By Jessica T
TwinspeakUploaded: Jun 10, 2014
Lord Byron has a quote, "Happiness was born a twin." It rings truer than I might have imagined. Our eldest child is ten years older than our twins, so the news of their arrival came as a shock as well as a blessing. We had friends with twins and knew how much work it was - so much so that the idea of having twins never appealed to us. During our struggle with infertility, we took pains to avoid procedures that increased the likelihood of twins. But it's been such a tremendous journey that I wouldn't change it for the world. A year ago I walked down the maternity ward pushing two bassinets, feeling so proud to have brought two babies into the world simultaneously and knowing that they would never be alone. Our twins would have each other, even when our older daughter headed to college.

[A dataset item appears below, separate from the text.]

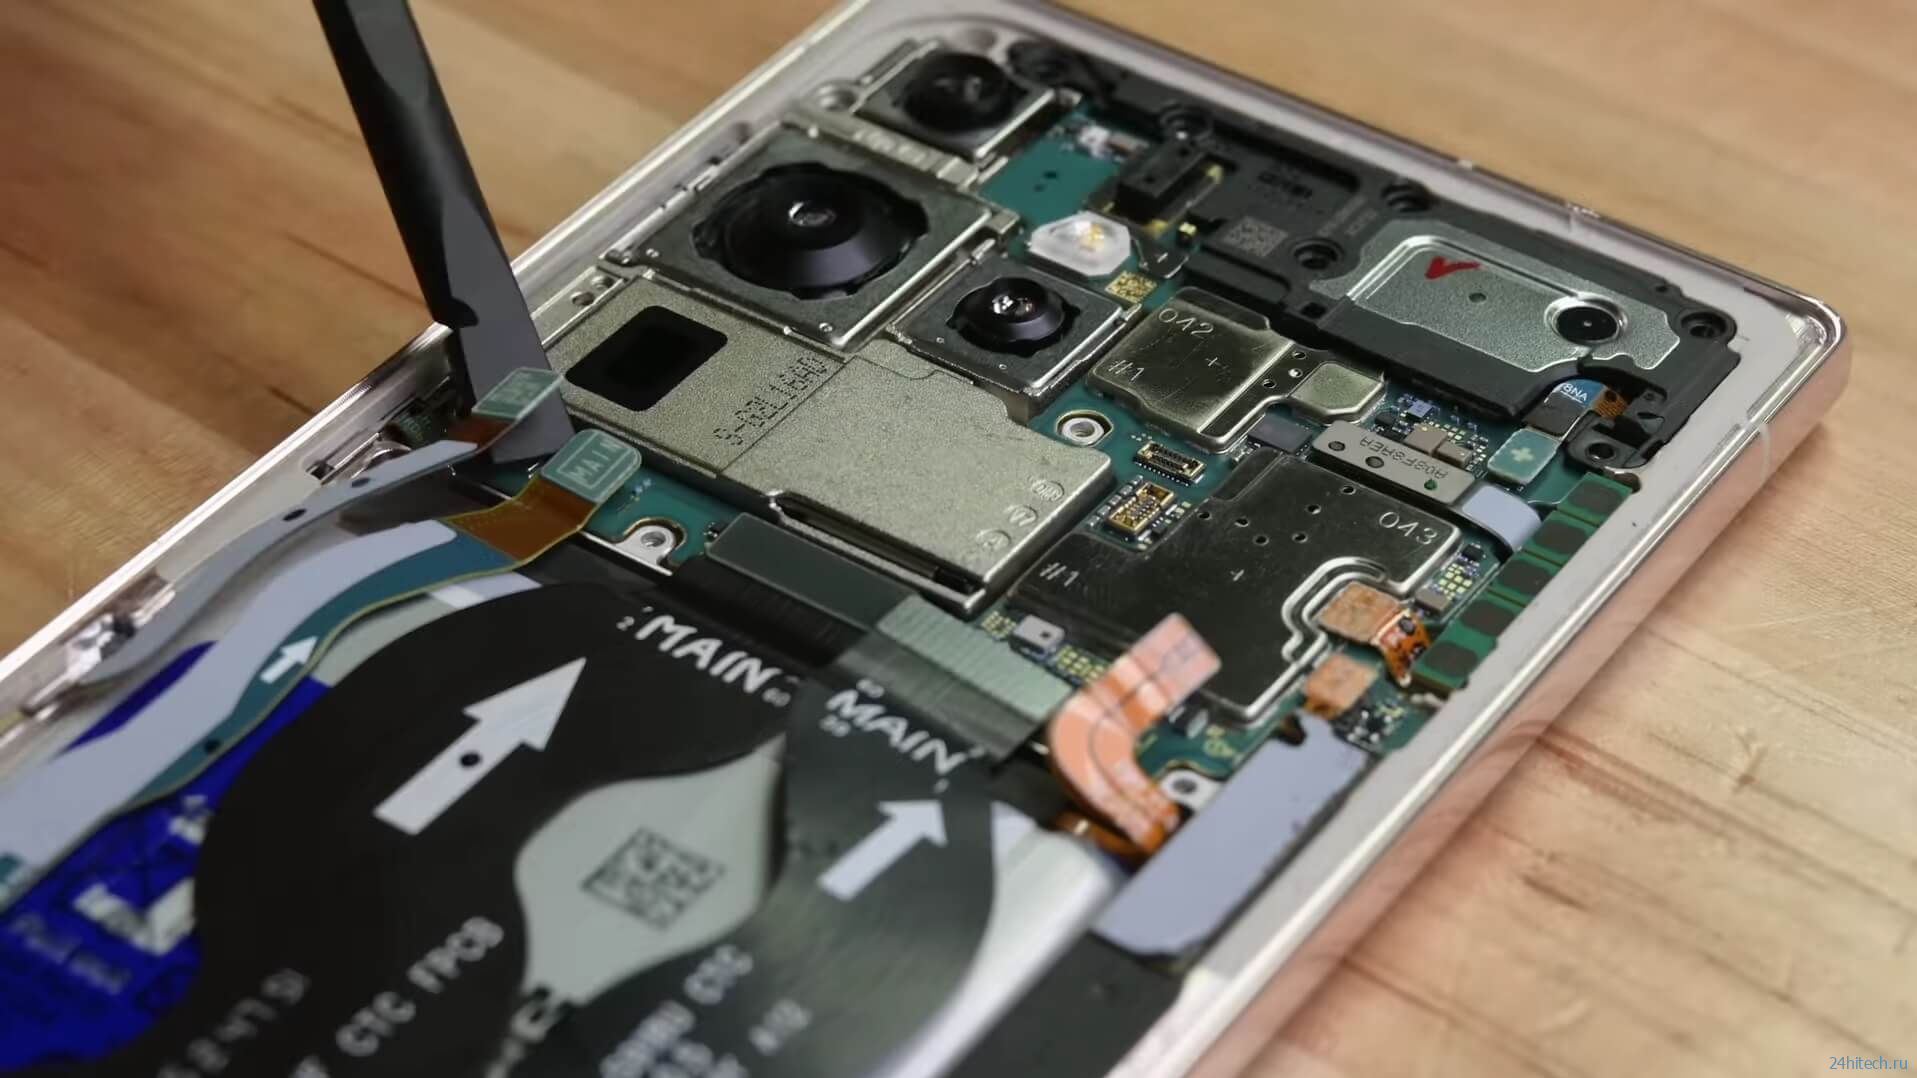 Нужна ли Samsung Galaxy S23 Ultra камера на 200 Мп? Теперь вы будете знать точный ответ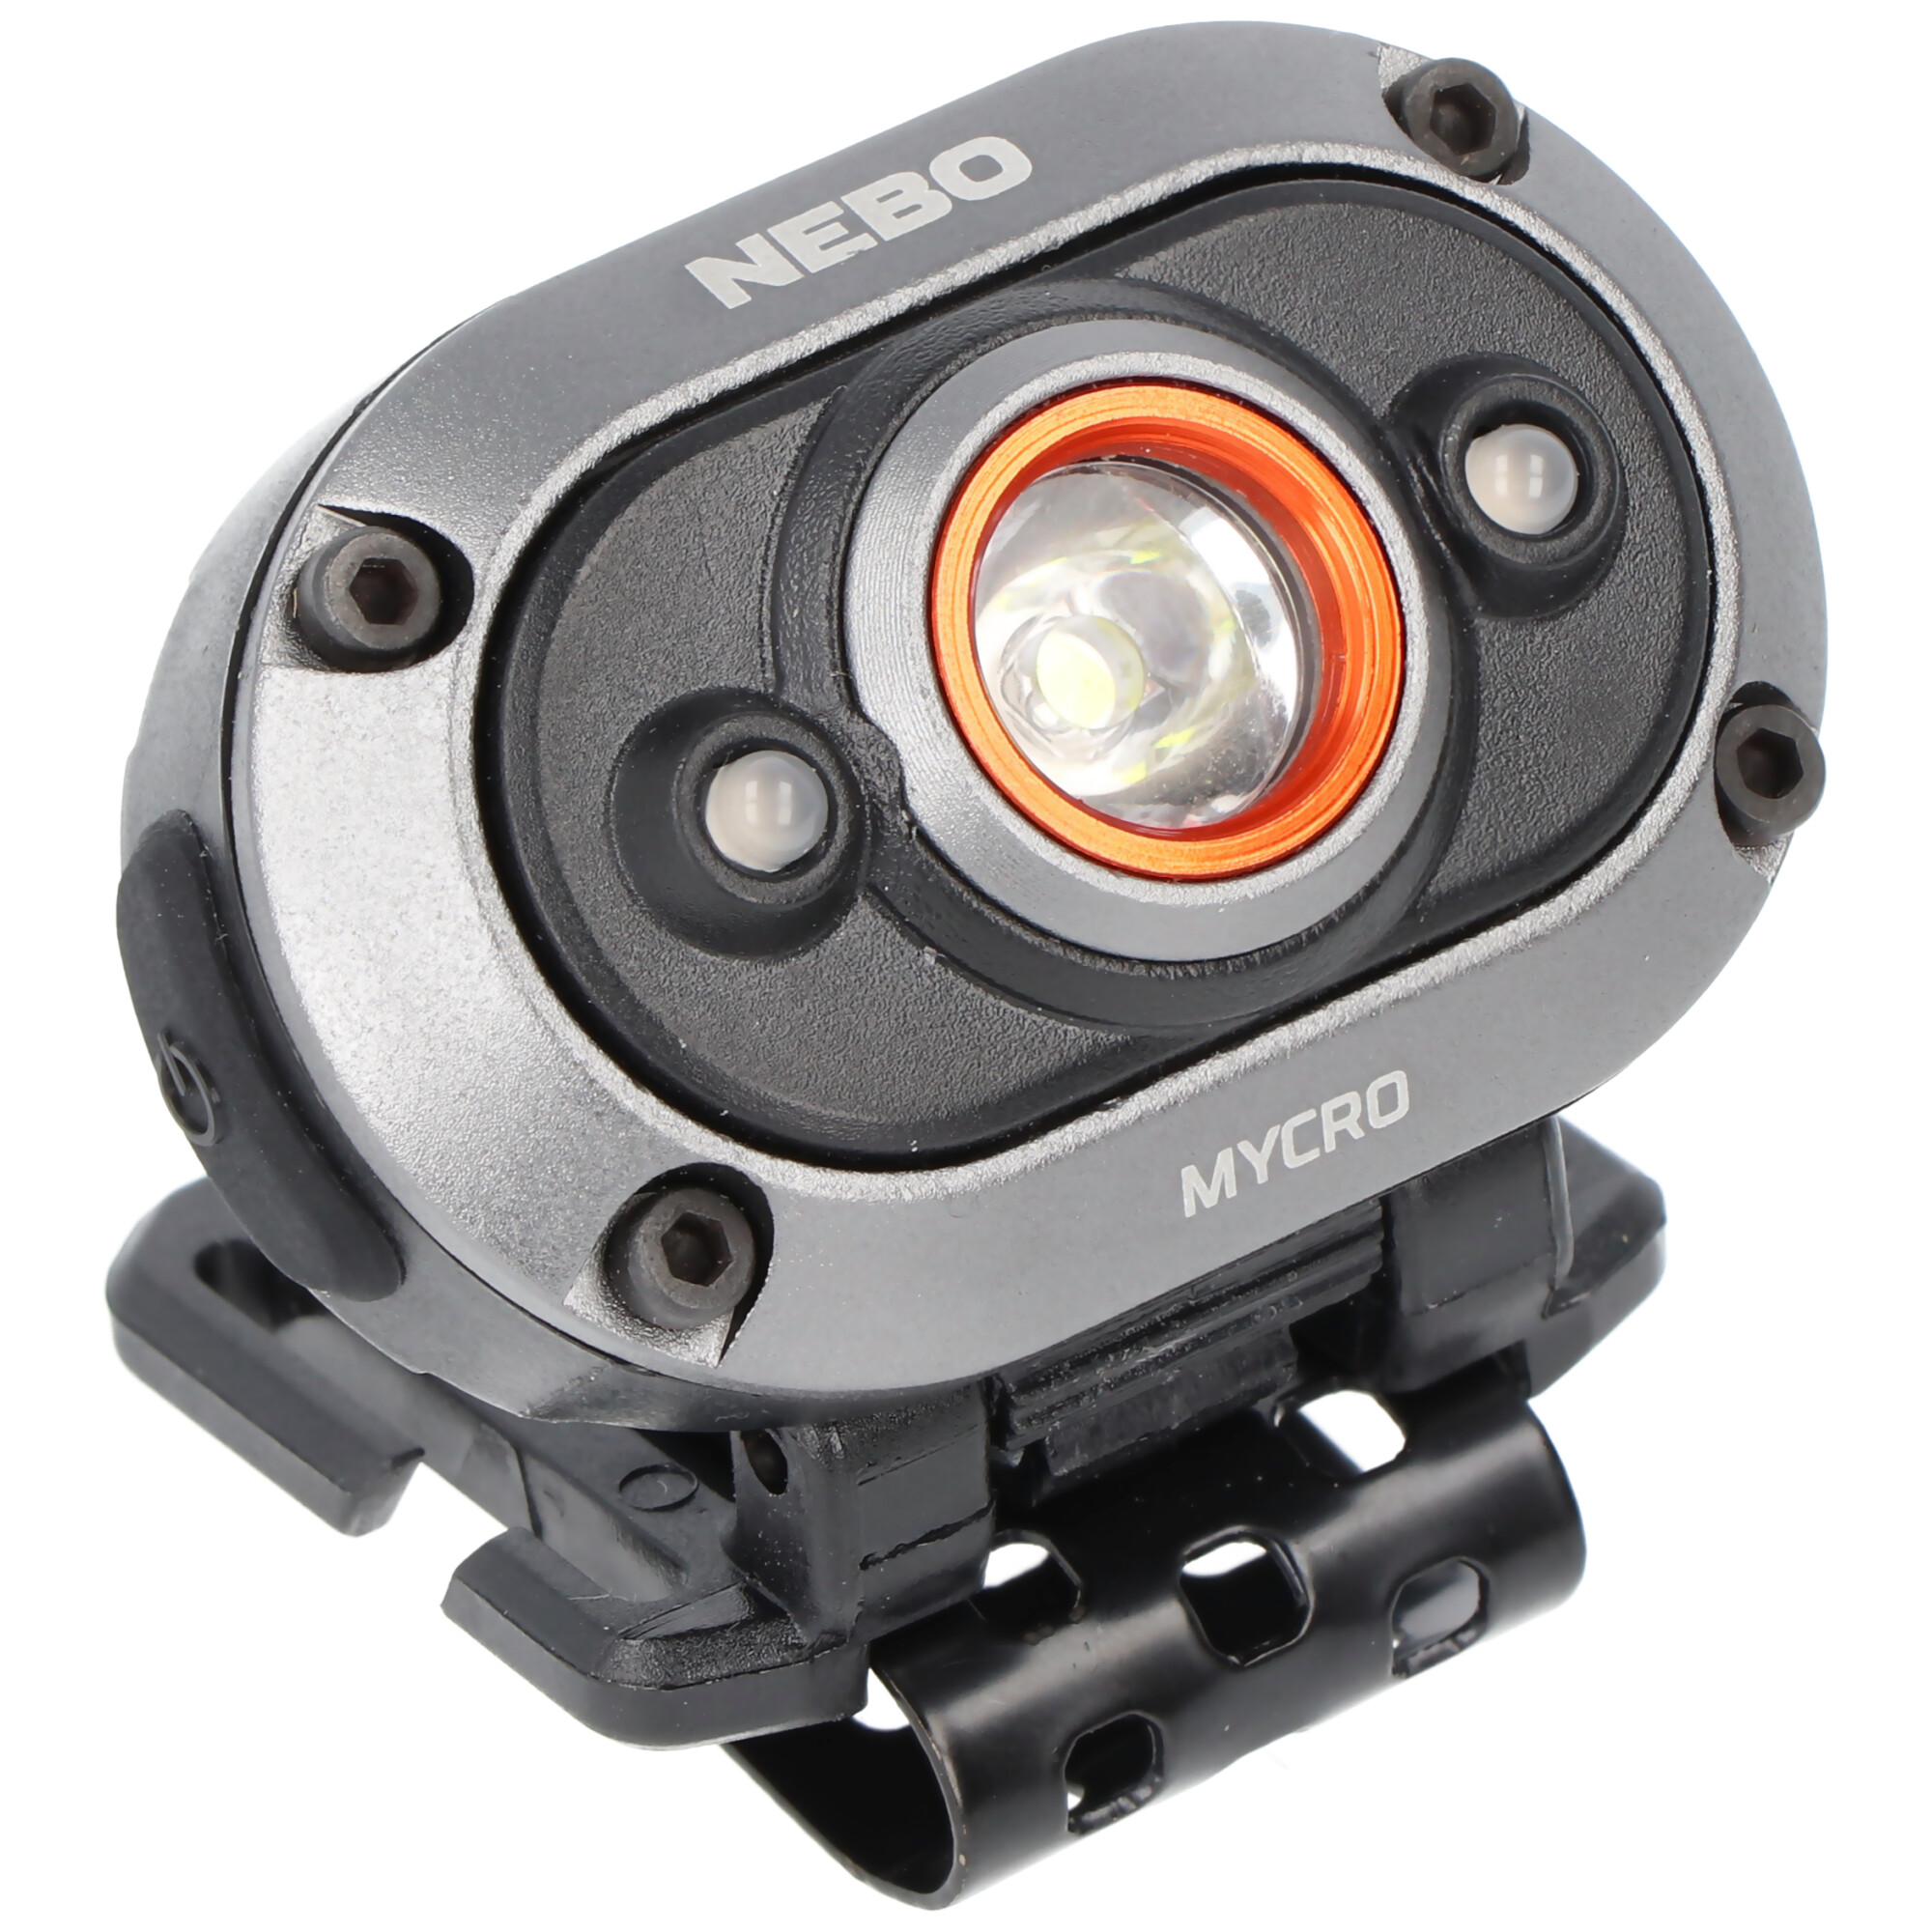 NEBO LED Stirnlampe MYCRO mit bis zu 400lm und 80m Leuchtweite integrierter Akku 3,7V 200mAh Li-Polymer

The wonder of twins has only deepened. Something amazing happened after their first birthday. They still don't call each other by name (though they can say the name of every other member of our household), but they are communicating with each other. They call to each other between rooms and have nonsense words that they babble at one another. If one starts repeating a common word, for example, "giggle," the other begins chanting "giggle" as well. I had heard about twins communicating in a secret language, but it's exciting to see it in action.
Though it really is twice the work, in some respects raising twins is easier. If you've ever seen how kids behave in a daycare or preschool setting, you know that routine and herd mentality are key to making kids behave predictably and feel secure in their environment. Twins have this herd mentality and peer pressure built in: they've never known anything else.
If it's time to eat, they chow down. They seem to know that their parents are too exhausted to prepare a second meal, especially for them. It's now or never - there won't be another opportunity to eat until the next snack or mealtime. And if one of them doesn't finish his or her meal, it may be stolen by the other! Bedtime goes off without a hitch, too. With another baby in a crib nearby, there's no need to manipulate their parents for attention and comfort. If my brother is going to bed, so shall I! If one is tired and cuddles up, the other is bound to give it a try.
And they play together - somewhat asynchronously now, but in close proximity, with plenty of chatter. They dance together and smile when the other is laughing or being tickled. They steal toys and pacifiers from each other and wail inconsolably if they hurt the other's feelings. They shove each other and sometimes bite, yet they are true companions. Over the weekend we constructed tricycles (a birthday present from their grandparents) and a hand-me down playhouse in the backyard. When my son woke up early from a nap, I whisked him outdoors to check out his new toys. He was shy and tentative until his sister woke up. Only after she joined him was he emboldened to explore.
I wonder if this closeness will remain as they grow older, especially because they are opposite-sex twins. I hope it does. I hope they will always benefit from the shared experience of growing up together with an older sister. They are unique; in fact, they couldn't be more different - my son is a bruiser with almond-shaped brown eyes, my daughter, petite with blue eyes. Every morning I pinch myself and count my blessings for finally having the family I always wanted - but never realized I did.